+++ Data section +++
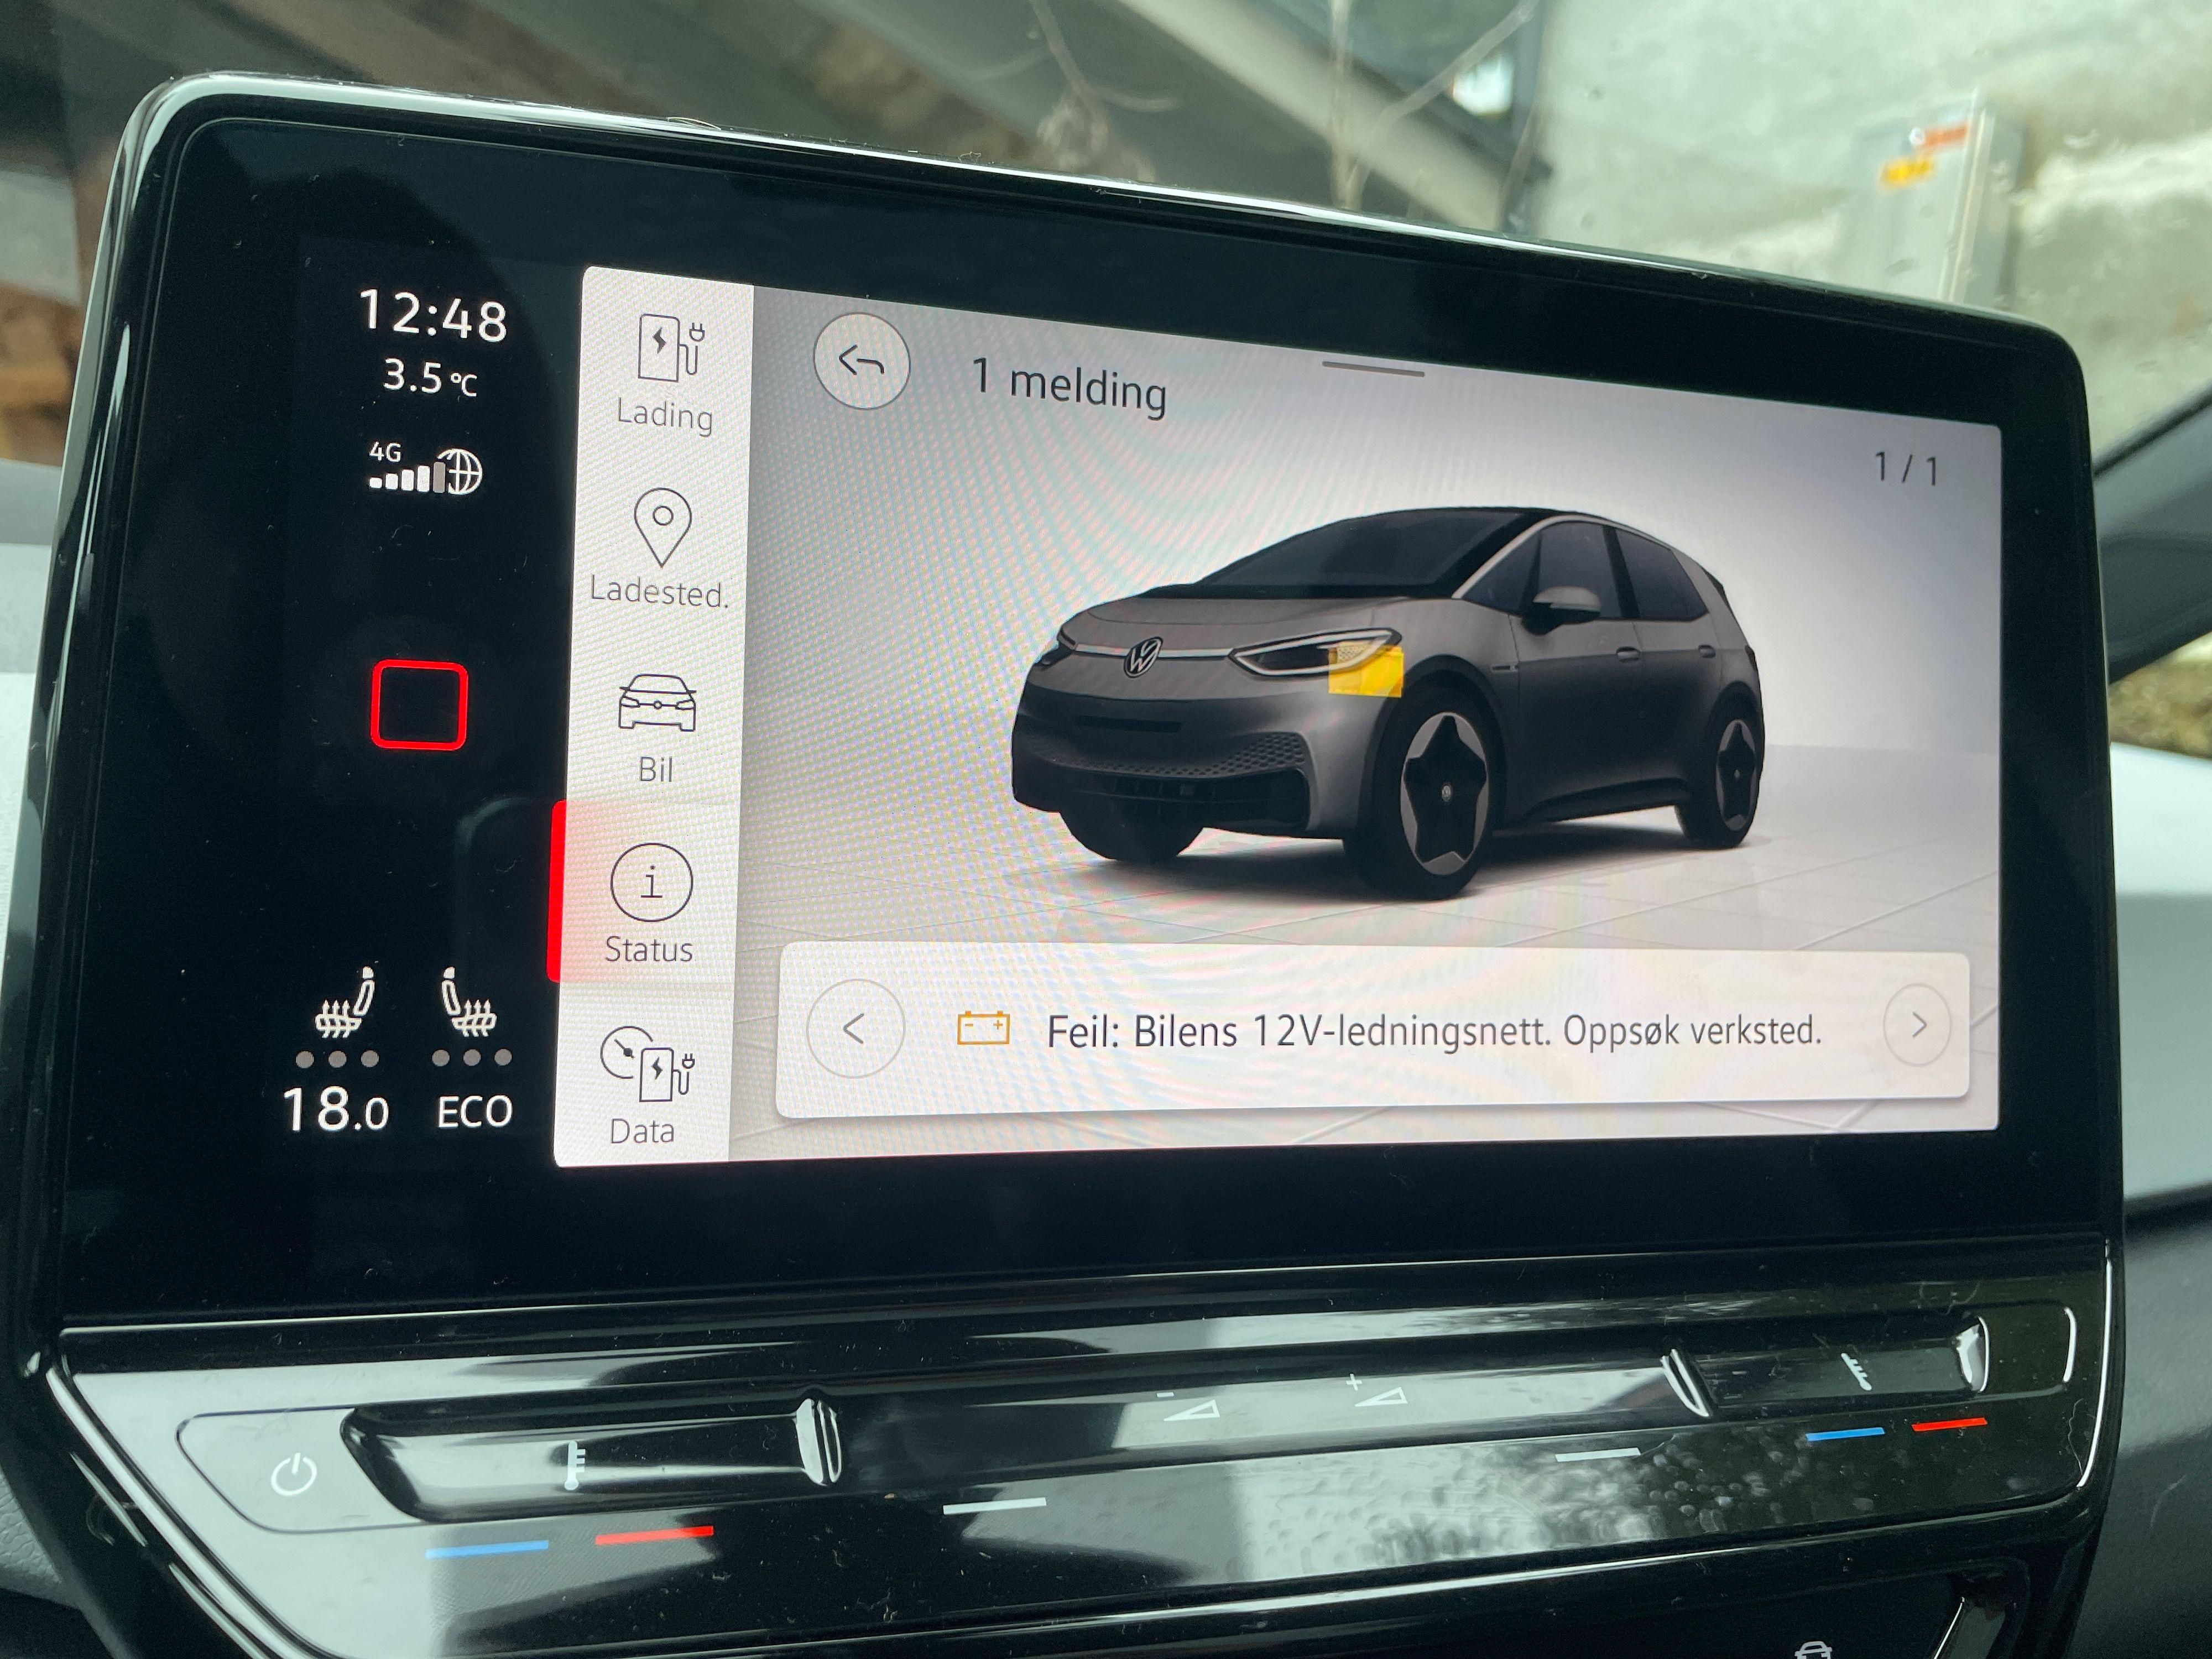 Antakeligvis er 12V-batteriet dødt etter lang ståtid i Tyskland. Det er i hvert fall det flere ID.3-brukere i bilgrupper på Facebook mener.
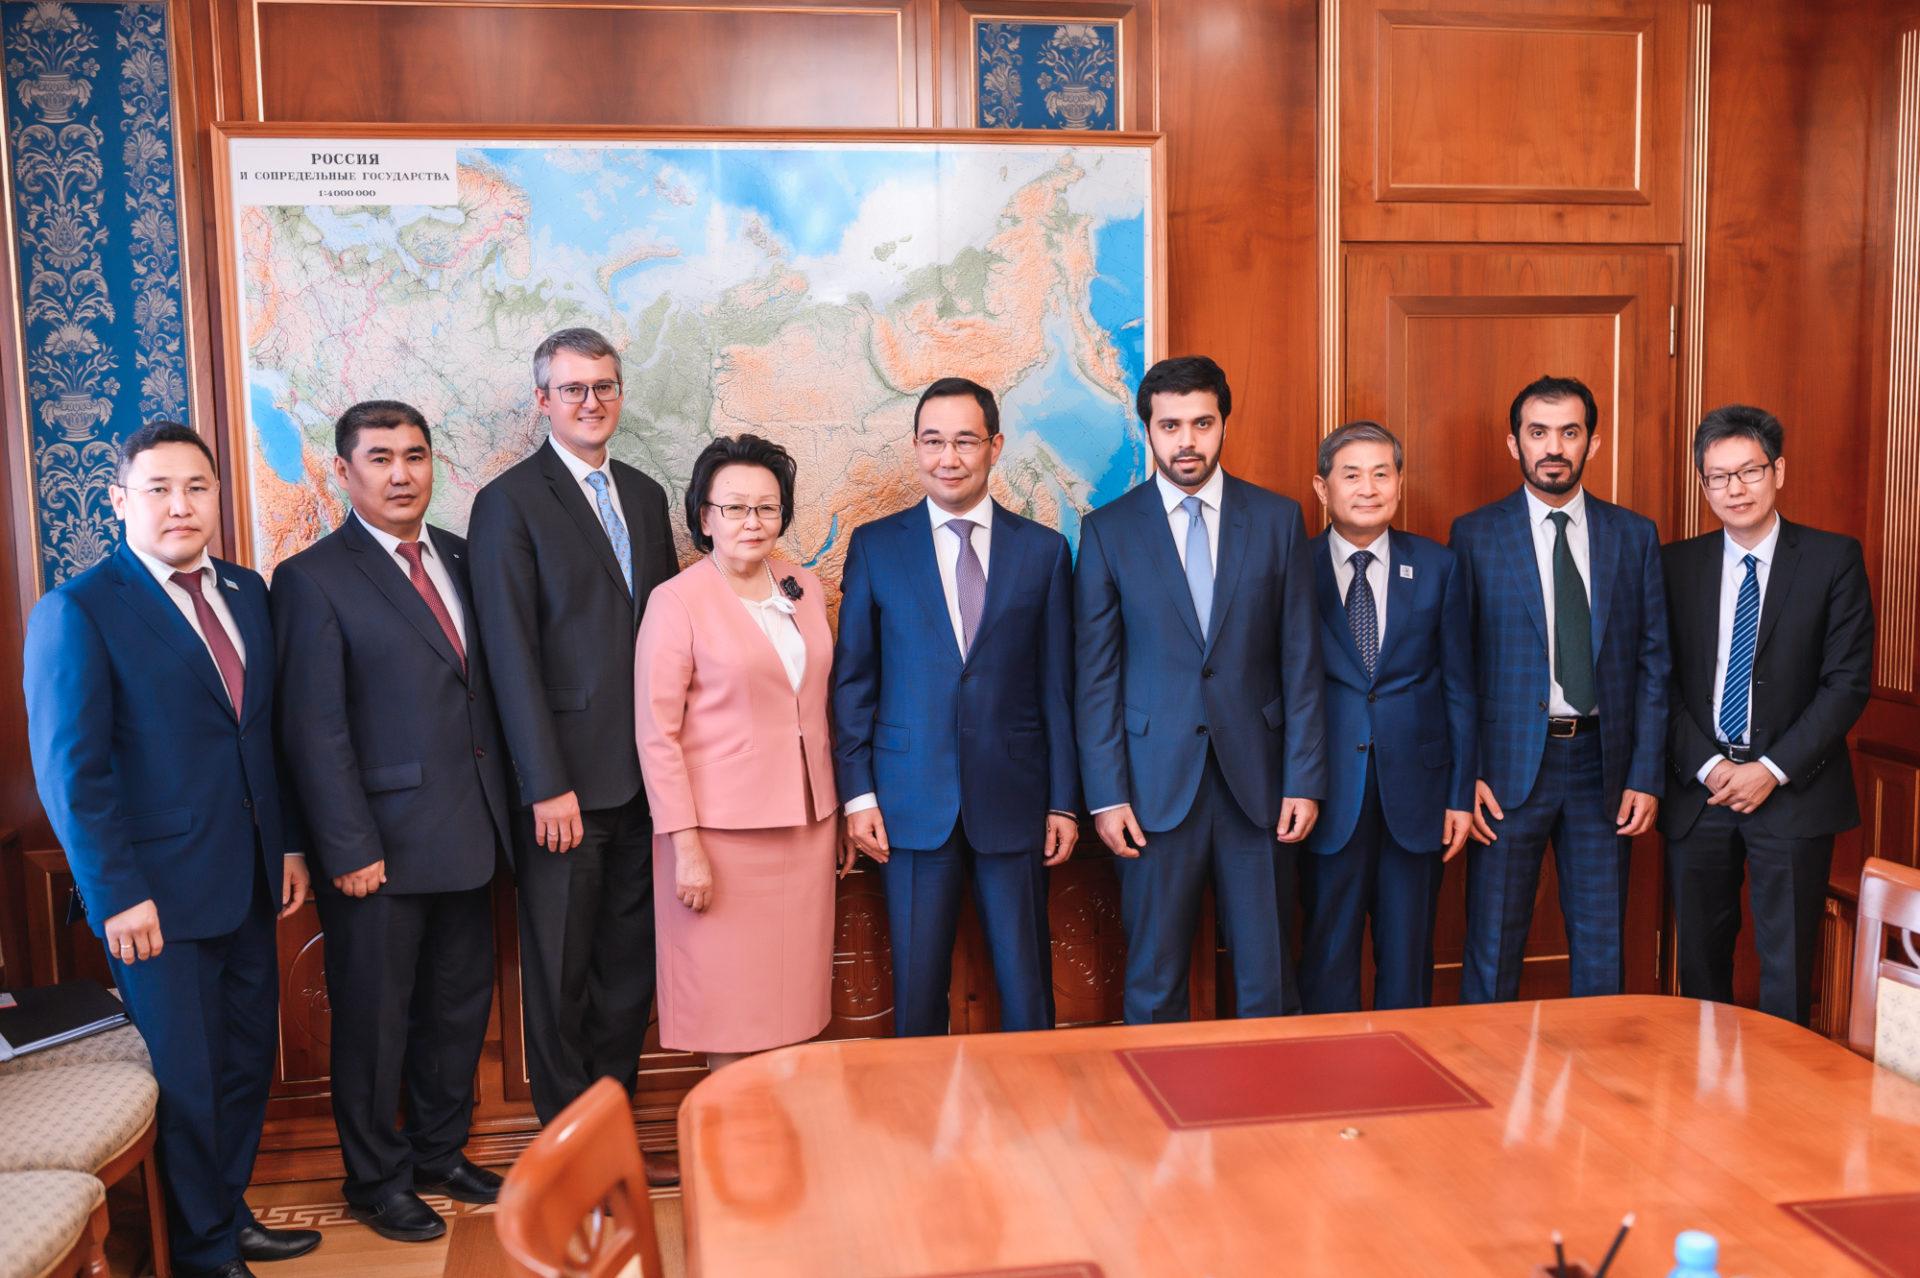 Айсен Николаев встретился с делегацией Фонда развития Абу-Даби и Фонда биотехнологических исследований SOOAM
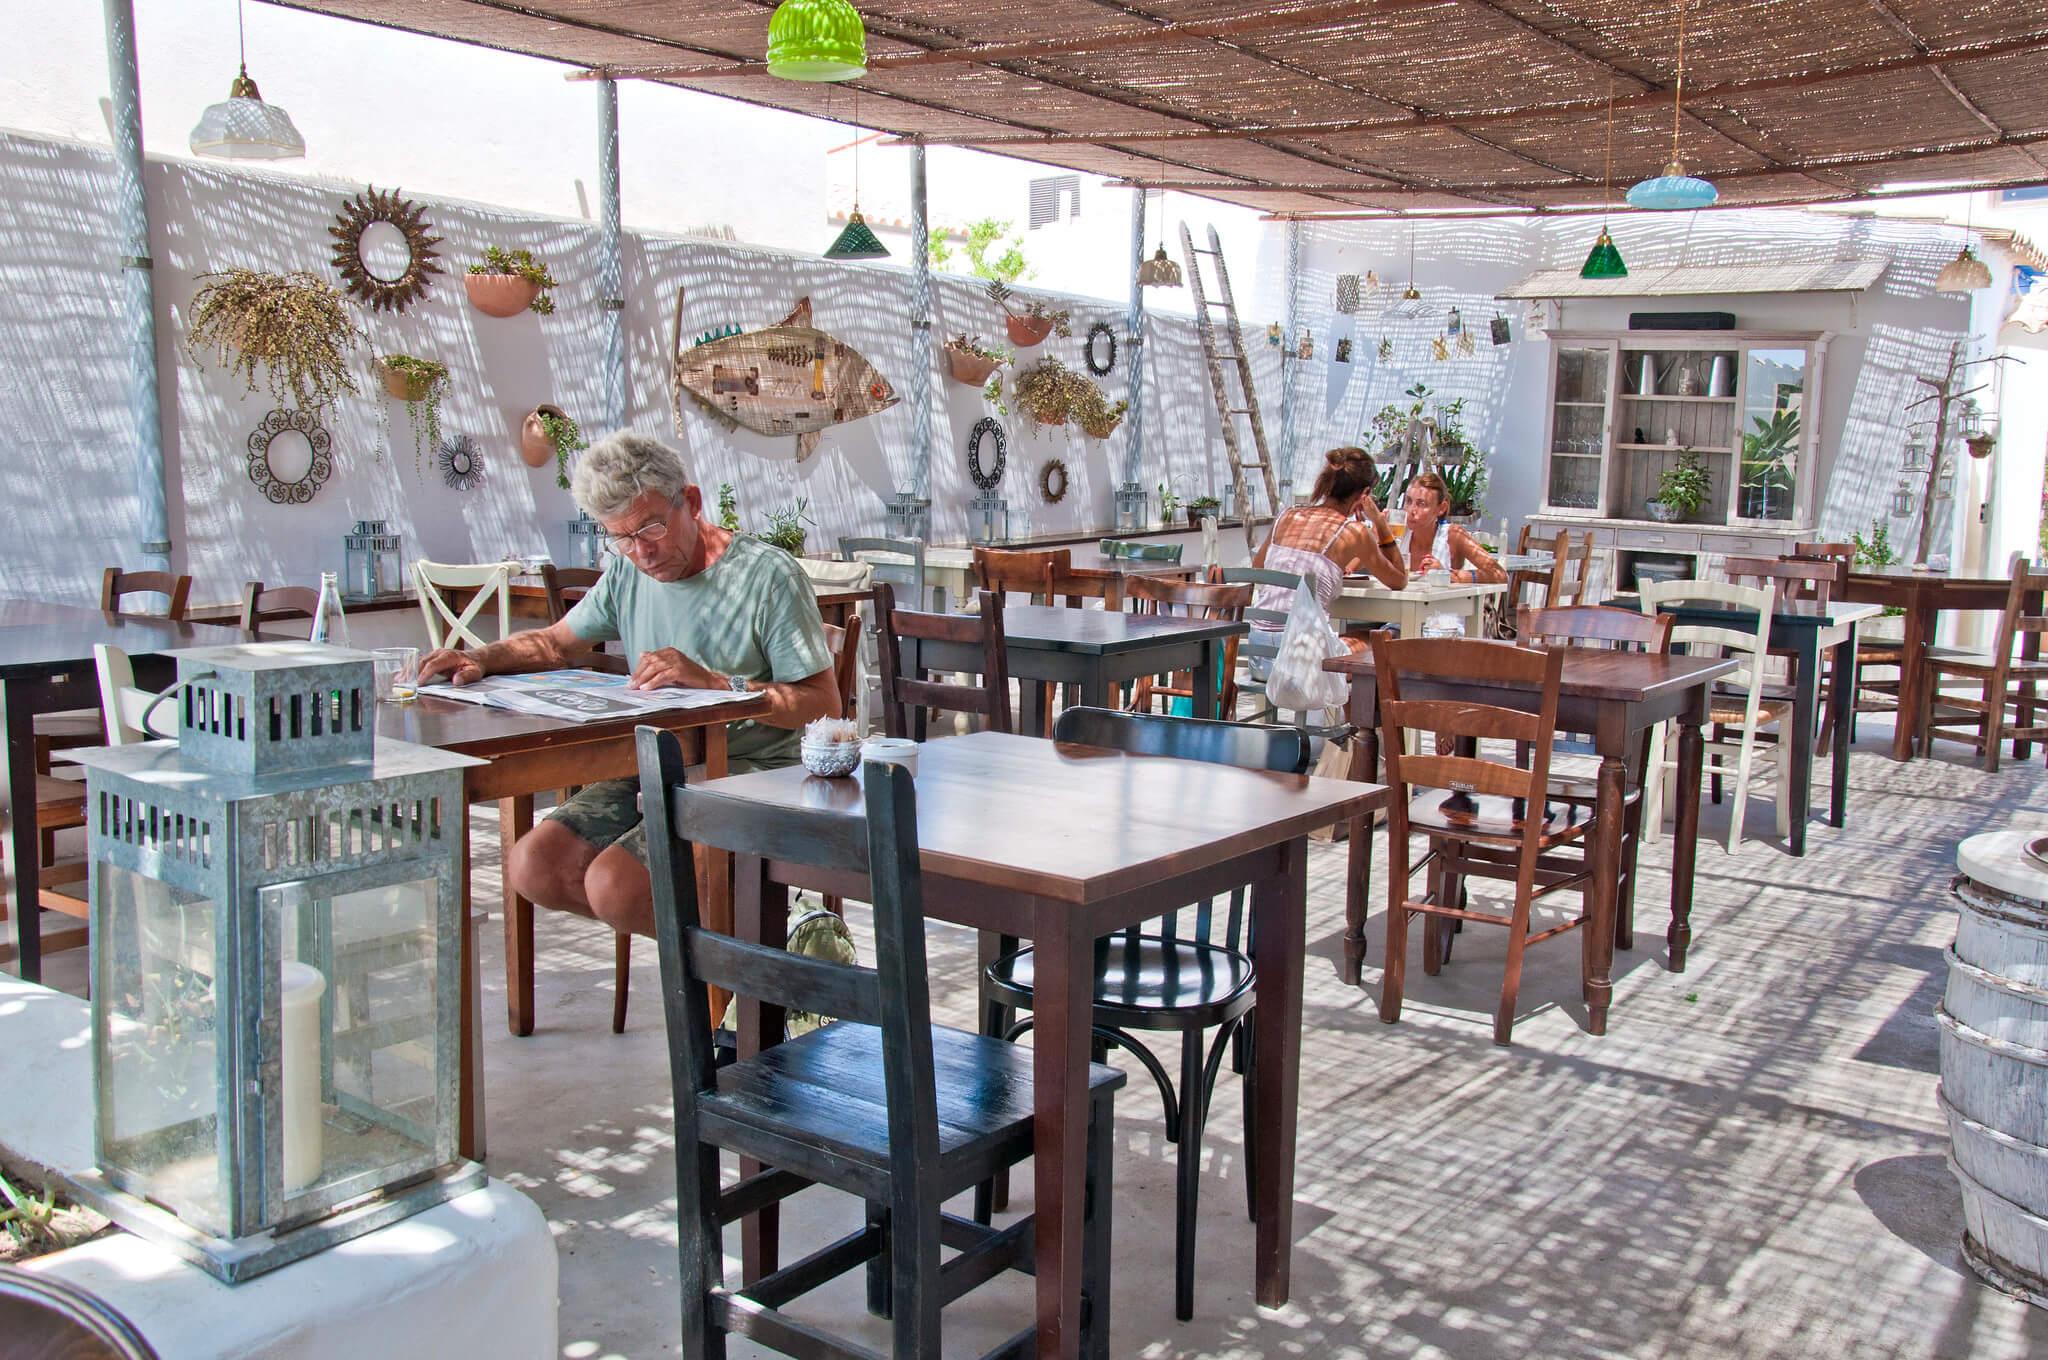 https://www.white-ibiza.com/wp-content/uploads/2020/03/formentera-restaurants-ca-na-pepa-2020-02.jpg
+++
• **Problem details**: Would you copy out every line of the data above exactly, minus the pictures?

• **Output**:
 Antakeligvis er 12V-batteriet dødt etter lang ståtid i Tyskland. Det er i hvert fall det flere ID.3-brukere i bilgrupper på Facebook mener.
 Айсен Николаев встретился с делегацией Фонда развития Абу-Даби и Фонда биотехнологических исследований SOOAM
 https://www.white-ibiza.com/wp-content/uploads/2020/03/formentera-restaurants-ca-na-pepa-2020-02.jpg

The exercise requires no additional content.